Geographic Variation of ALS Incidence in New Jersey
Geographic Variation of ALS Incidence in New Jersey
To our knowledge, this is the first statewide population-based study completed in the United States to have assessed geographic clustering of ALS and to have described the relative risk of ALS by geography and area-based SES. The geographic cluster analysis did not identify any places in New Jersey where the relative risk of ALS (observed number of cases vs. expected number of cases) was statistically significantly high; however, the smoothed relative risk maps did identify distinct regional differences in ALS risk throughout the state. The results from the multivariable regression models indicated a statistically significant association between area-based median income and ALS risk in New Jersey independent of age, sex, and race. ALS risk was highest among persons living in areas of the state with the highest median income compared with those living in areas with the lowest median income.

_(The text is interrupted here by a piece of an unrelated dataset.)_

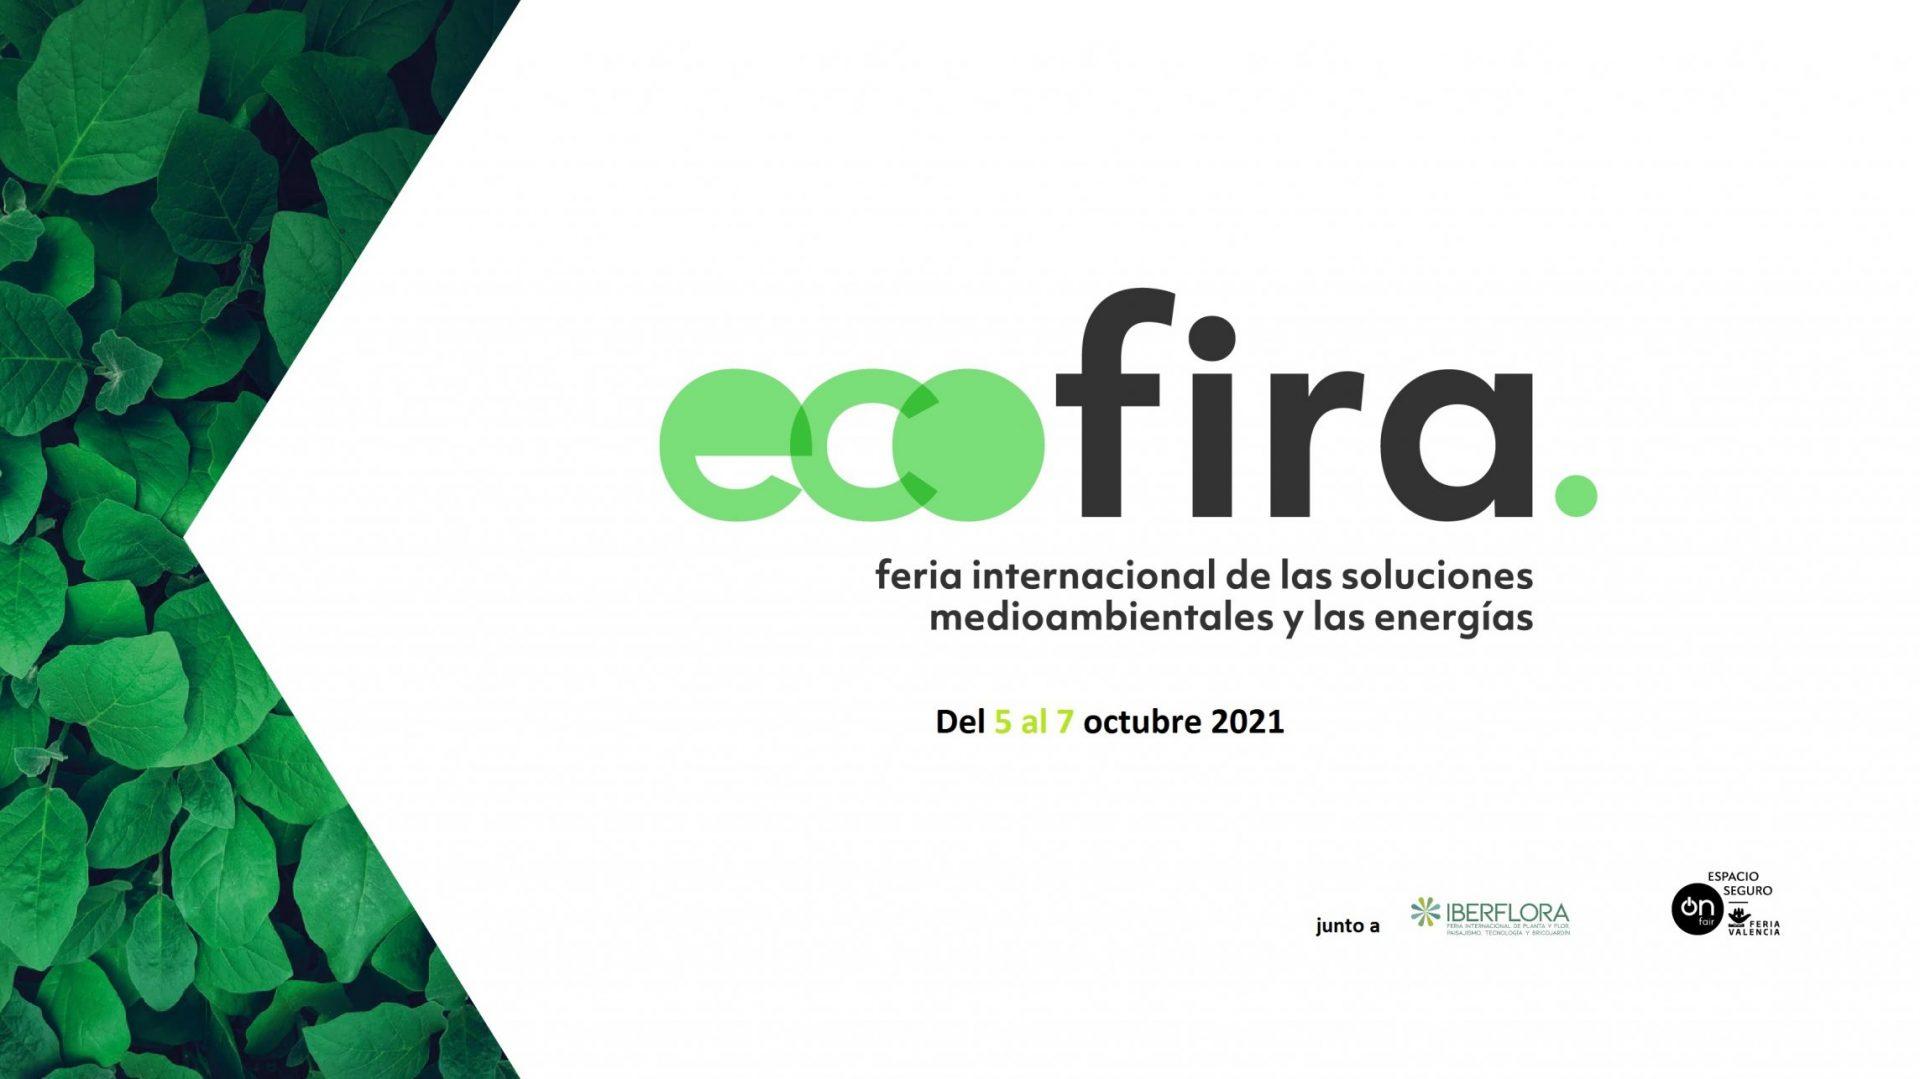 Ecofira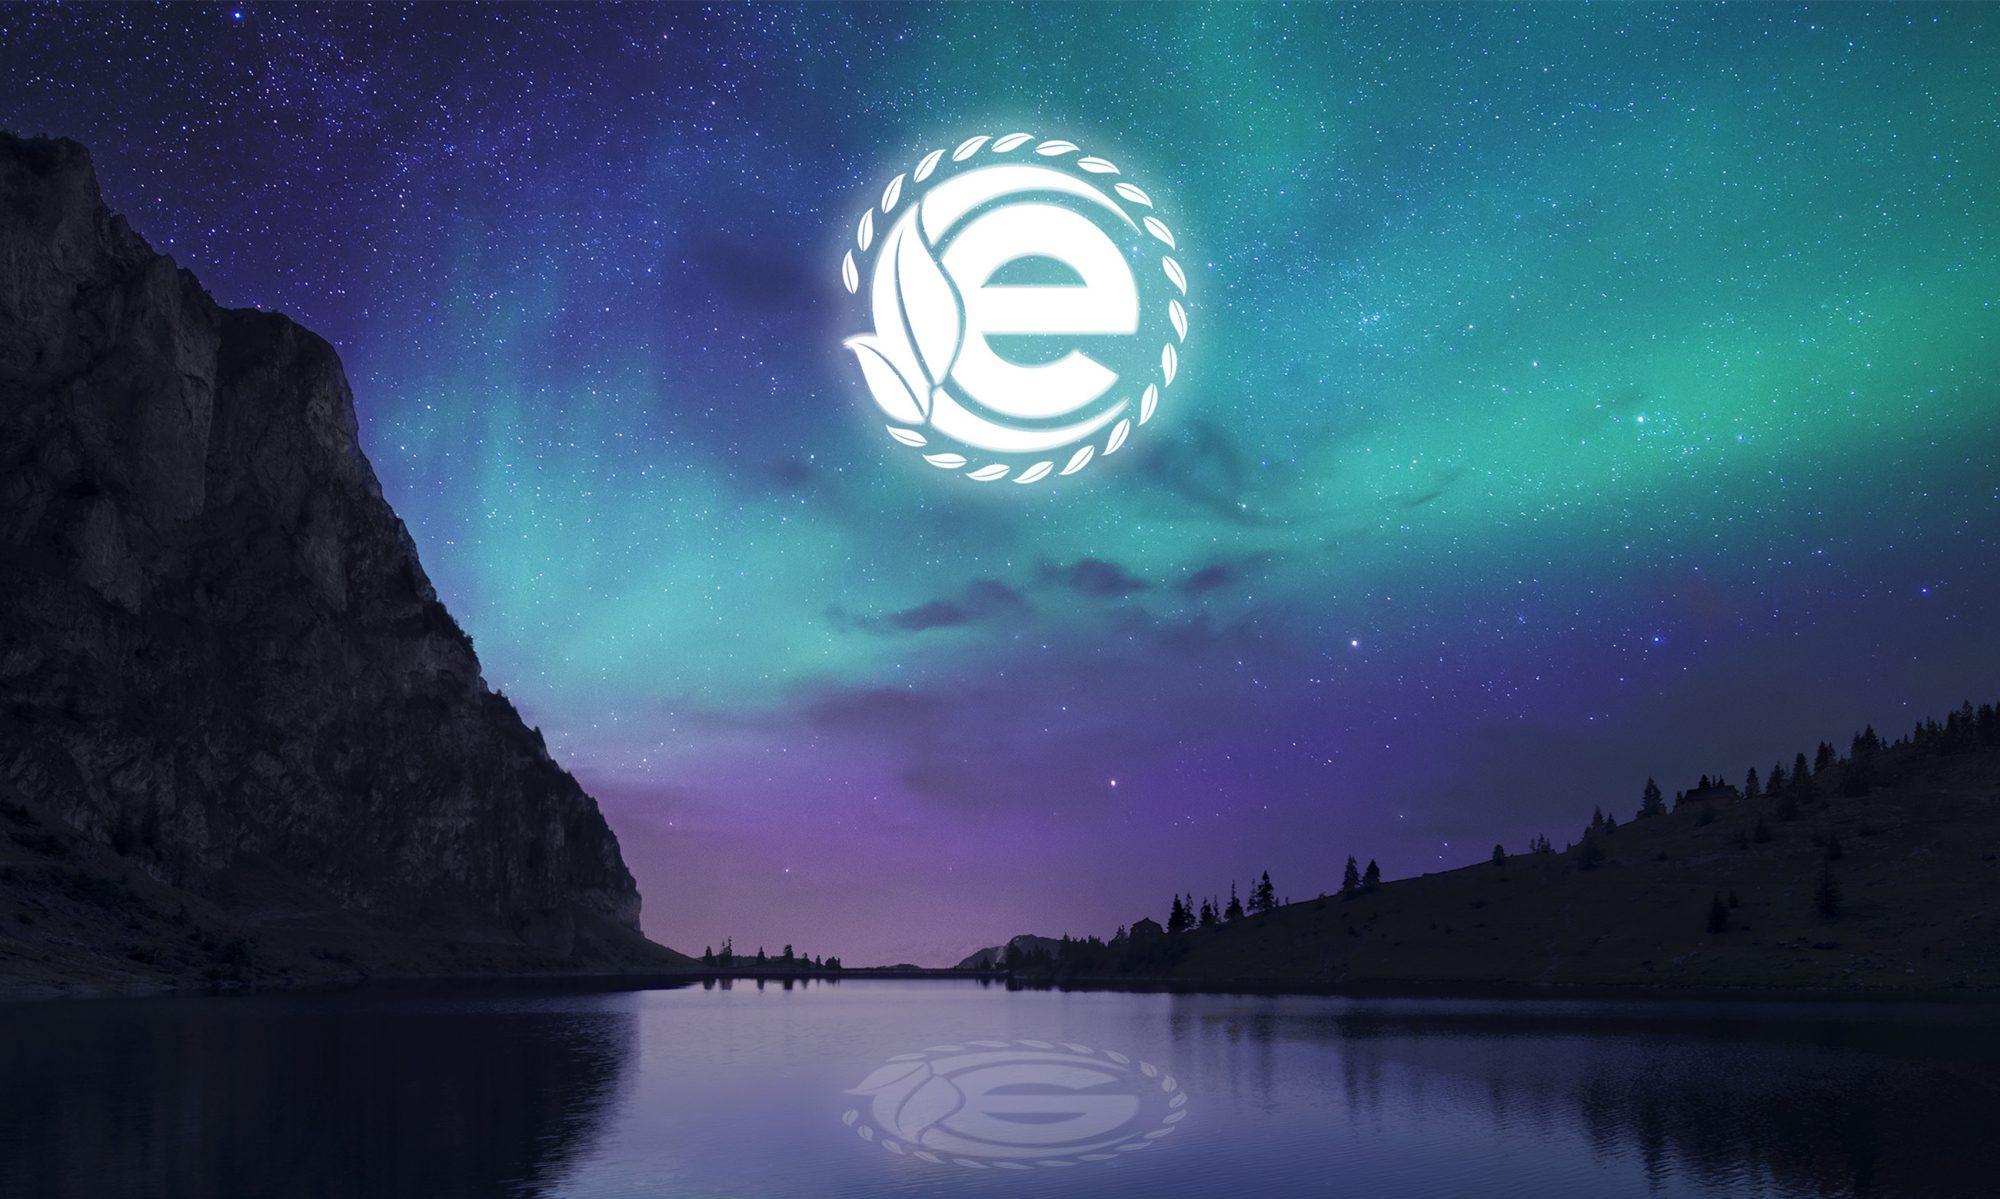 EarthCoin-Earthcoin World's Largest OTC Website-地球币全球场外交易基地 | 全球志願者(义工)發展網絡委員會&基金會

Not finding any statistically significant geographic clustering of ALS cases in New Jersey is in contrast to many population-based studies completed in other parts of the world, including one in the United States that found geographic clustering of ALS. There are several possible reasons why there was no evidence of geographic clustering of ALS in New Jersey. First, environmental exposures or other risk factors could be present in the other study regions that are not present in New Jersey. Second, the ALS cases in our study were more contemporary incident cases diagnosed between 2009 and 2011, while many other studies used ALS cases or deaths from earlier time periods. It is possible that there may be period and cohort effects where the risk of ALS may vary by time period or year of birth, which could coincide with shifts in exposure to risk factors over time. For example, in Guam, rates of ALS were extremely high among its indigenous people, the Chamorro, in the 1950s (estimated to be 50–100 times higher than worldwide rates), followed by decades of significant decline, with rates today that are only slightly higher than those worldwide. It has been suggested that the decline in ALS rates in Guam was related to modernization, which resulted in the elimination of the environmental factors that had triggered the high rates.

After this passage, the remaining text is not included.